I love wood but this is certainly changing my thought pattern. Outstanding piece of work Danny. And seeing again how you do it is amazing. The shape, the lines, wonderful. Thank you for sharing with us.


----------



## Susi (Mar 3, 2013)

Now, this is SOME study of multiple materials! Nothing like a bombproof SS...next is tungsten carbide and mastodon ivory? Great work to say the least, rivets centered, epoxied trilayers, totally symetrical..sheesh!


----------



## Flatband (Dec 18, 2009)

Very elegant and solid looking Danny! Exceptional blend of materials and of course your shaping skills too!!!! Flatband


----------



## Devoman (Oct 15, 2010)

Sweet!


----------



## torsten (Feb 9, 2010)

A "clean" slingshot - no gimmicks, but really an eye catcher! I like this way!

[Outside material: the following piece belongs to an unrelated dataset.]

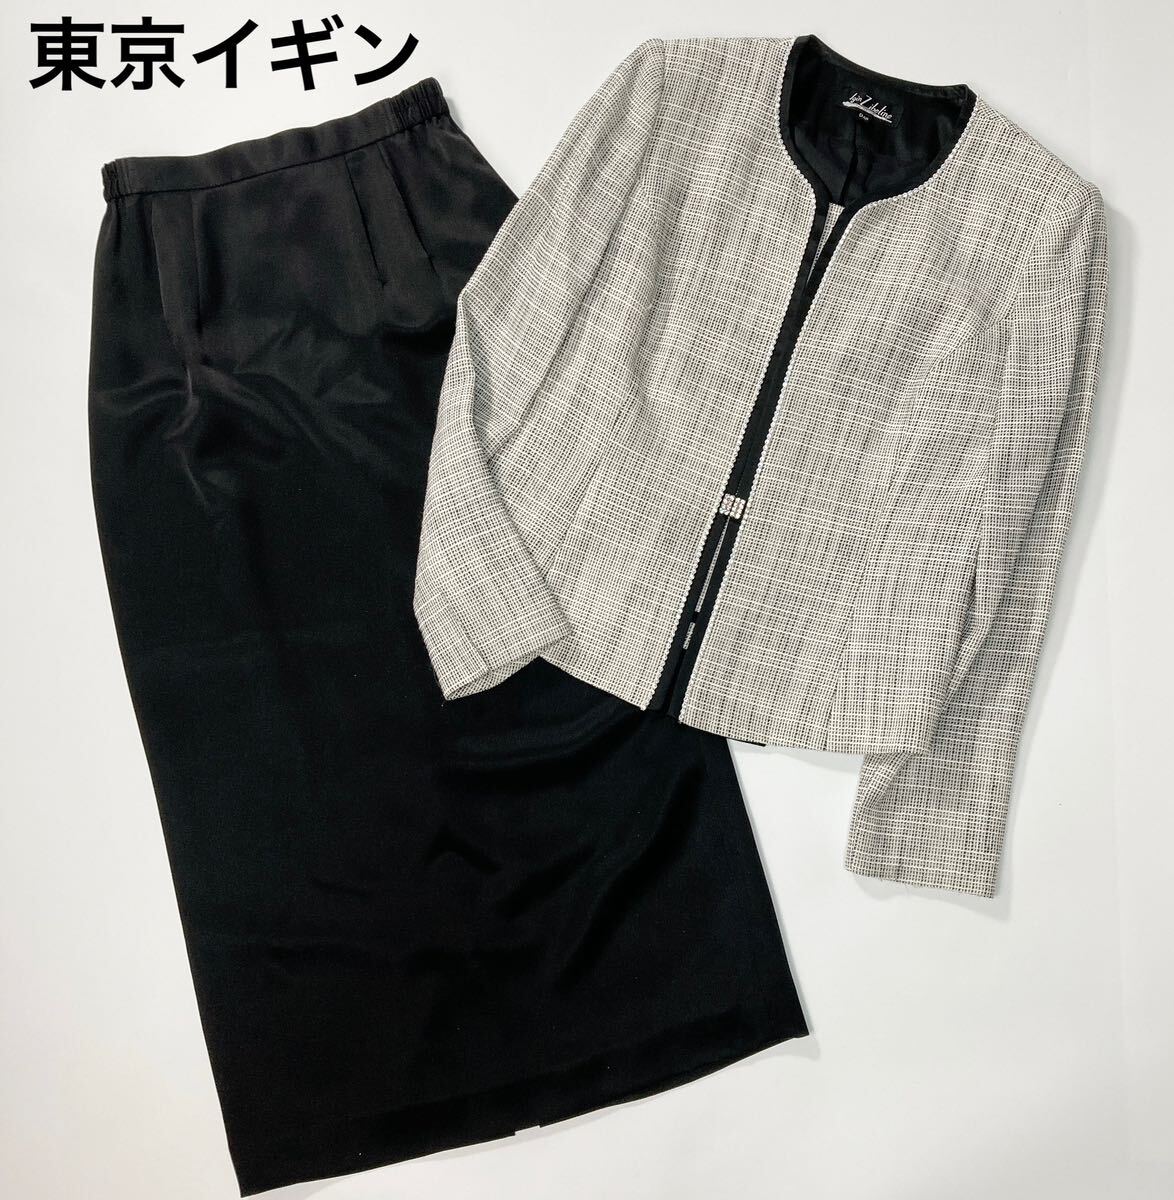 igini silver Tokyo i silver Zibeline setup suit no color jacket skirt rhinestone 9 number lady's M B42416-144

Very good choice of materials, great craftsmanship - outstanding work Danny!

Best regards

Torsten


----------



## Danny0663 (Mar 15, 2011)

> An absolute FANTASTIC work, full of finesse and craftmanship!!!
> 
> One of the best well-balanced slingshots I've ever seen :bowdown:
> 
> ...


Thanks Q! means a lot coming from you.



> I love wood but this is certainly changing my thought pattern. Outstanding piece of work Danny. And seeing again how you do it is amazing. The shape, the lines, wonderful. Thank you for sharing with us.






> Now, this is SOME study of multiple materials! Nothing like a bombproof SS...next is tungsten carbide and mastodon ivory? Great work to say the least, rivets centered, epoxied trilayers, totally symetrical..sheesh!


Lol!? tungsten carbide slingshots ...


----------



## Mr.Teh (Feb 28, 2012)

tnflipper52 said:


> I love wood but this is certainly changing my thought pattern. Outstanding piece of work Danny. And seeing again how you do it is amazing. The shape, the lines, wonderful. Thank you for sharing with us.


 :iagree: Yes outstanding work !!


----------



## Dayhiker (Mar 13, 2010)

I can't add anything to what's already been said -- just a superb piece in every way. :bowdown: :bowdown: :bowdown: :bowdown:


----------



## Danny0663 (Mar 15, 2011)

> Very elegant and solid looking Danny! Exceptional blend of materials and of course your shaping skills too!!!! Flatband


Thanks! i appreciate the feedback.



> Sweet!






> A "clean" slingshot - no gimmicks, but really an eye catcher! I like this way!
> 
> Very good choice of materials, great craftsmanship - outstanding work Danny!
> 
> ...


Thanks Torsten, means a lot coming from you.



> I can't add anything to what's already been said -- just a superb piece in every way.


 I appreciate the kind words. :bowdown:


----------